In this case, the optimize_direction is required.

Approach two:

import numpy as np
from sklearn.metrics import mean_squared_error, make_scorer

def custom_metric(y_true, y_pred):
    if (y_true < 0).any():
        y_true = np.clip(y_true, a_min=epsihon, a_max=abs(y_true))

    if (y_pred < 0).any():
        y_pred = np.clip(y_pred, a_min=epsihon, a_max=abs(y_pred))

    return mean_squared_error(np.log1p(y_true), np.log1p(y_pred))

custom_scorer = make_scorer(custom_metric, greater_is_better=True, needs_proba=False)

experiment = make_experiment(train_data,
                            task='forecast',
                            timestamp='TimeStamp',
                            reward_metric=custom_metric,
                            scorer=custom_scorer,
                            ...)

Note

In this case, the scorer is required.

User-defined Search Space

HyperTS provides various algorithms with default search space for every mode. Most of them are listed below:

‘StatsForecastSearchSpace’ includes the search space for statistical models (Prophet, ARIMA, VAR);
‘StatsClassificationSearchSpace’ includes the search space for statistical models (TSForest, k-NNs);
‘DLForecastSearchSpace’ includes the search space for deep learning models (DeepAR, RNN, GPU, LSTM, LSNet);
‘DLClassificationSearchSpace’ includes the search space for deep learning models (RNN, GPU, LSTM, LSNet).

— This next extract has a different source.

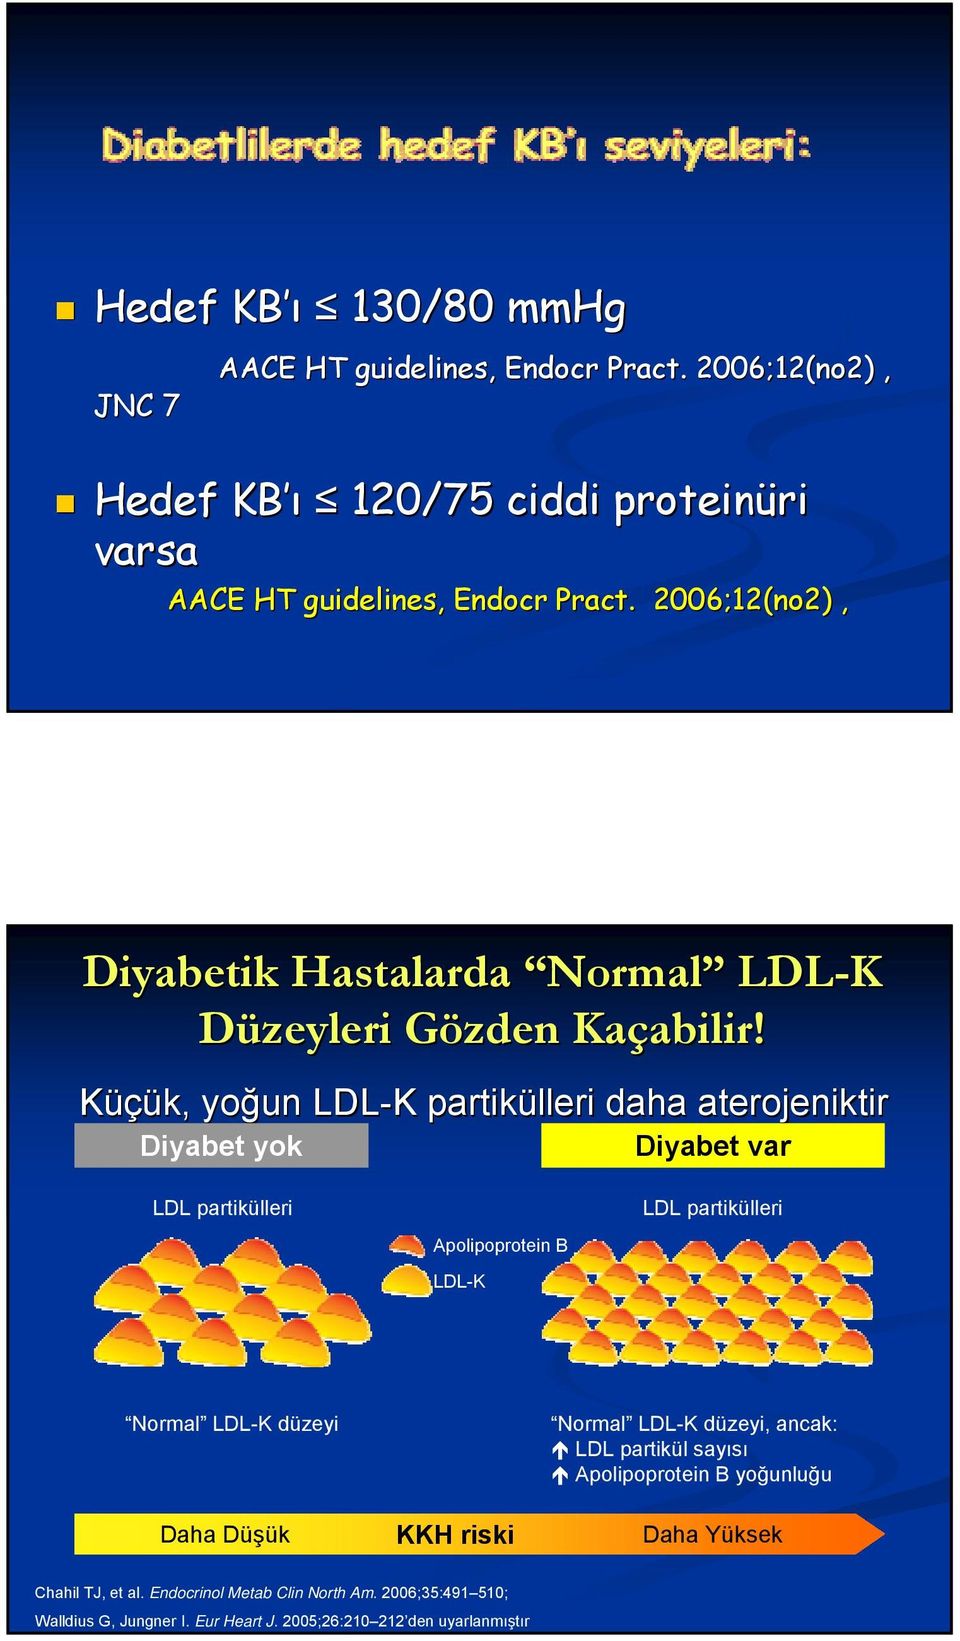 Küçük, yoğun LDL-K partikülleri leri daha aterojeni eniktir Diyabet yok Diyabet var LDL partikülleri Apolipoprotein B LDL-K LDL partikülleri Normal LDL-K

By setting the argument search_space, users could define their own search space. The instructions and an example are given below to modify the StatsForecastSearchSpace.

Set the argument as false to disable a certain algorithm. For instance, enable_arima=False;
Change the initial parameters of a certain algorithm by function prophet_init_kwargs={xxx:xxx, ...};
Import the argument Choice, Int Real from hypernets.core.search_space could define the parameters with specific options. For instance, Choice supports the boolean data type. Real supports the floating data type.
For more information, please refer to Search Space.

Code example:

from hypernets.core.search_space import Choice, Int, Real
from hyperts.framework.search_space.macro_search_space import StatsForecastSearchSpace

custom_search_space = StatsForecastSearchSpace(enable_arima=False,
                                               prophet_init_kwargs={
                                                'seasonality_mode': 'multiplicative',
                                                'daily_seasonality': Choice([True, False]),
                                                'n_changepoints': Int(10, 50, step=10),
                                                'interval_width': Real(0.1, 0.5, step=0.1)}
                                            )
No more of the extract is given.